REPUBLIKA.CO.ID, JAKARTA -- Kementerian Ketenagakerjaan (Kemnaker) menyebut masih banyak orang yang menempatkan permasalahan migran dan TKI sebagai isu pinggiran. Ia menyebut, isu TKI dna buruh migran adalah permasalahan yang rumit.
"Masih banyak paradigma permasalahan pekerja migran dan TKI, tempatkan sebagai isu pinggiran," kata Menteri Ketenagakerjaan (Menaker) Muhammad Hanif Dhakiri di Jakarta, Senin (15/5). Hal itu diperparah dengan media yang selalu menyorot dan melihat sisi negatif dari permasalahan TKI.
Selain itu, Hanif mengatakan, pembahasan revisi UU Perlindungan TKI masih jalan ditempat. Hal itu membuat banyak permakluman, baik dari pemerintah, kalangan pelaku usaha, TKI, media.

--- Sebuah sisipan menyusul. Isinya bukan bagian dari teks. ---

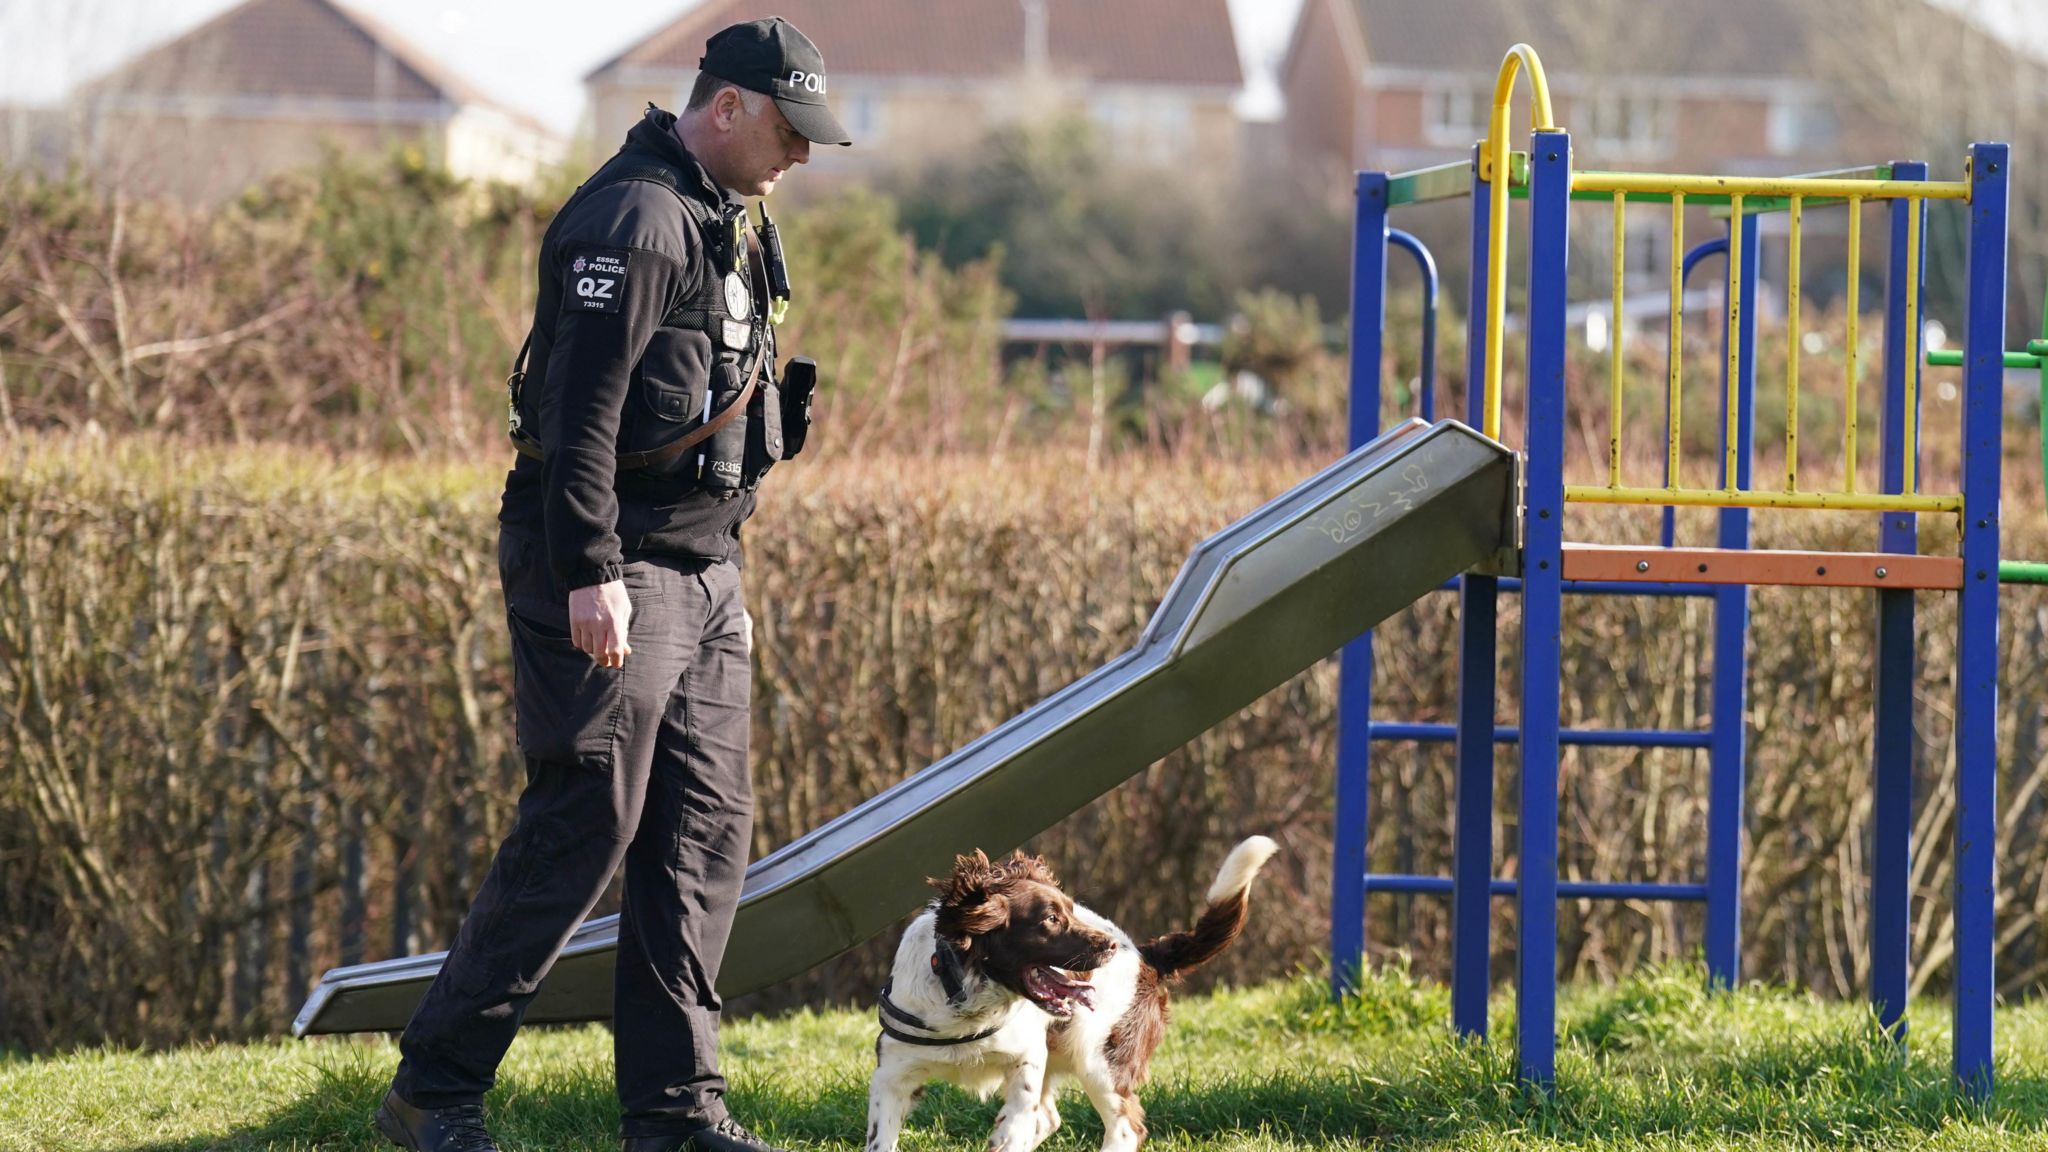 Police and police dog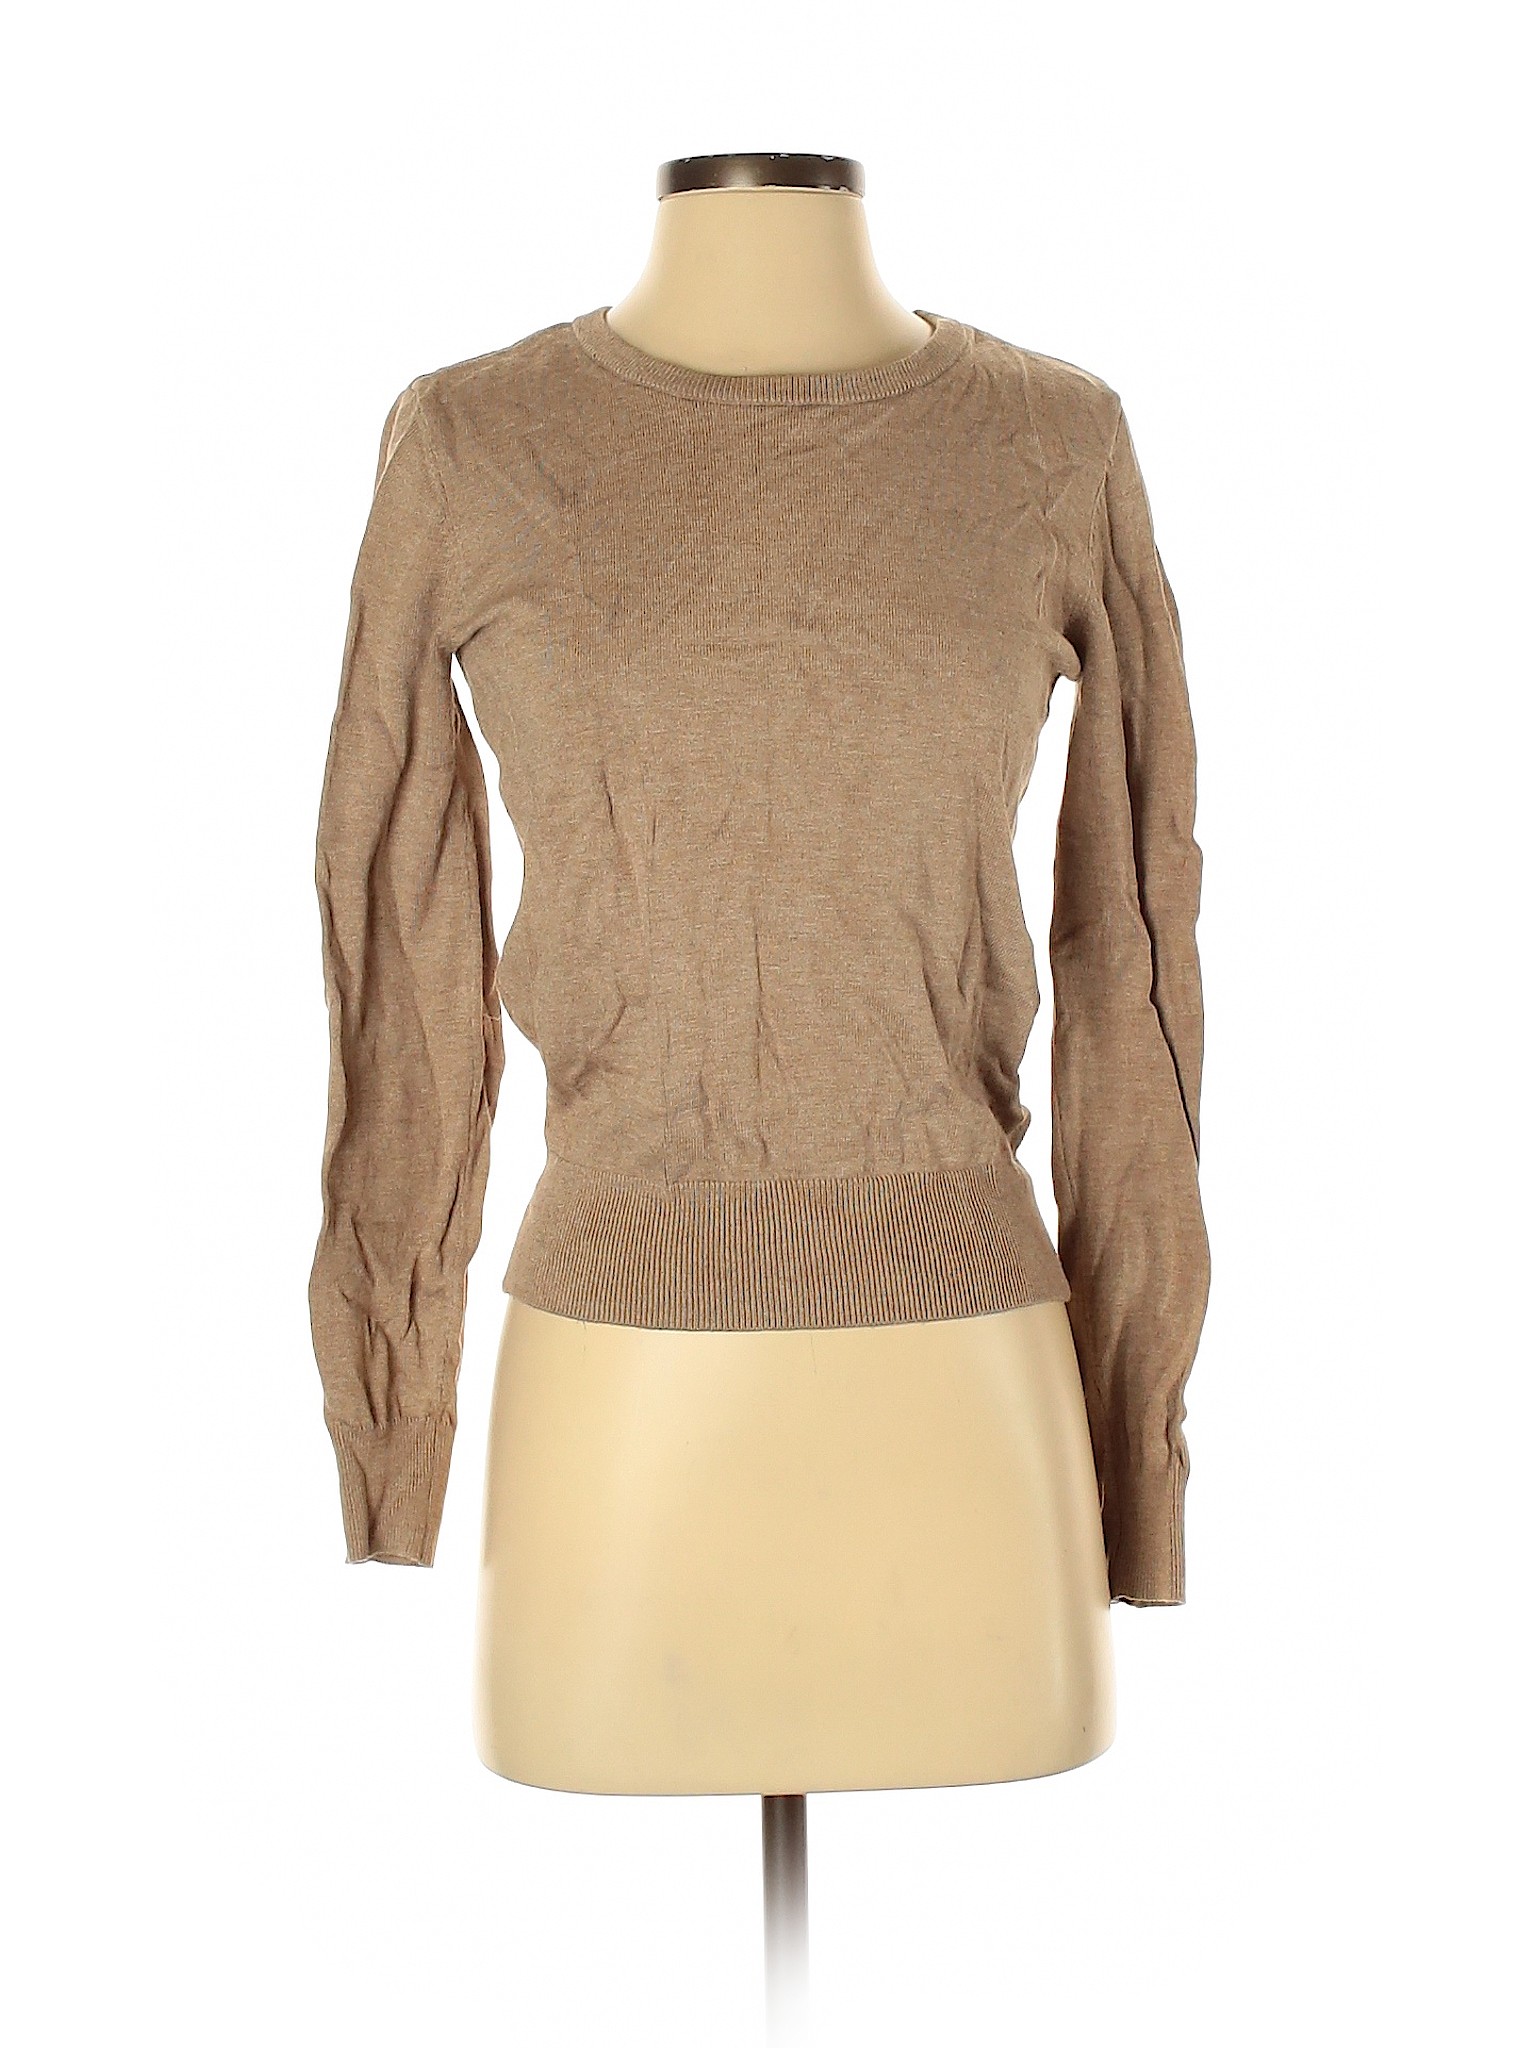 H&M Women Brown Pullover Sweater XS | eBay

Kendati demikian, Hanif mengatakan, isu TKI tidak hanya tentang permasalahan, tetapi juga prestasi. Sebab, ia mengatakan, tidak sedikit TKI dan buruh migran Indonesia yang berprestasi, baik di luar maupun dalam negeri. "Saya pingin tokoh TKI yang punya prestaai diberikan tempat ke media. Agar ada optimisme," jelasnya.
Sementara itu, Kepala Pusat Studi Migrant Care, Anis Hidayah menjelaskan, permasalahan utama TKI dan buruh migran adalah tentang penegakan HAM. "Kenapa migran terus bermasalah, karena tak ada pemenuhan HAM dari negara, tak ada memandatkan," tutur Anis.
Ia menganggap permasalahan TKI dan buruh migran yang selalu berulang berasal dari kebijakan yang buruk warisan Orde Baru (Orba). Sehingga, ia berharap, revisi UU Nomor 39 Tahun 2004 tentang Perlindungan TKI dapat menjadi pintu masuk pemerintah melindungi TKI. "Kembalikan peran negara. Selama ini TKI gigih memproteksi diri. Ke depan, kalau ada TKI yang tak bermasalah, itu karena negara," tutur dia.
Anis mengingatkan, perdagangan orang merupakan kejahatan luar biasa. Sehingga, perlu mendapat perhatian semua pihak. "Kawal UU Perlindungan TKI sama dengan kawal korupsi, narkotika. Karena ini tindak pidana perdagangan manusia, sehingga seolah kita sulit cari jalan keluar," tutur dia.
Sementara itu, Ketua Komisi IX DPR Dede Yusuf menjelaskan, sejumlah TKI dan buruh migran menjelaskan, keputusan bekerja di luar negeri berangkat dari keinginan mencari nafkah. "Selama negara belum mampu memberikan pekerjaan pada tenaga kerja, maka potensi kerja di luar negeri banyak," jelasnya.
Hal itu didukung dengan banyaknya calo yang memberikan kemudahan informasi bagi masyarakat yang berniat menjadi TKI. Ia mengingatkan, peluang bekerja di luar negeri sangat banyak. Namun, pemerintah harus mulai memikirkan untuk mengirim SDM yang sudah siap. "Untuk siap, negara harus memberikan perlindungan, pendidikan dan kompetensi pada calon TKI," jelasnya.
Sekretaris Utama (Sestama) BNP2TKI, Hermono menilai, akar permasalahan TKI, yakni buruknya tata kelola. Ia menyebut, hampir tak ada peraturan yang sifatnya pro TKI. "Apalagi klo bicara perda, isisnya mempersulit TKI," ujar dia.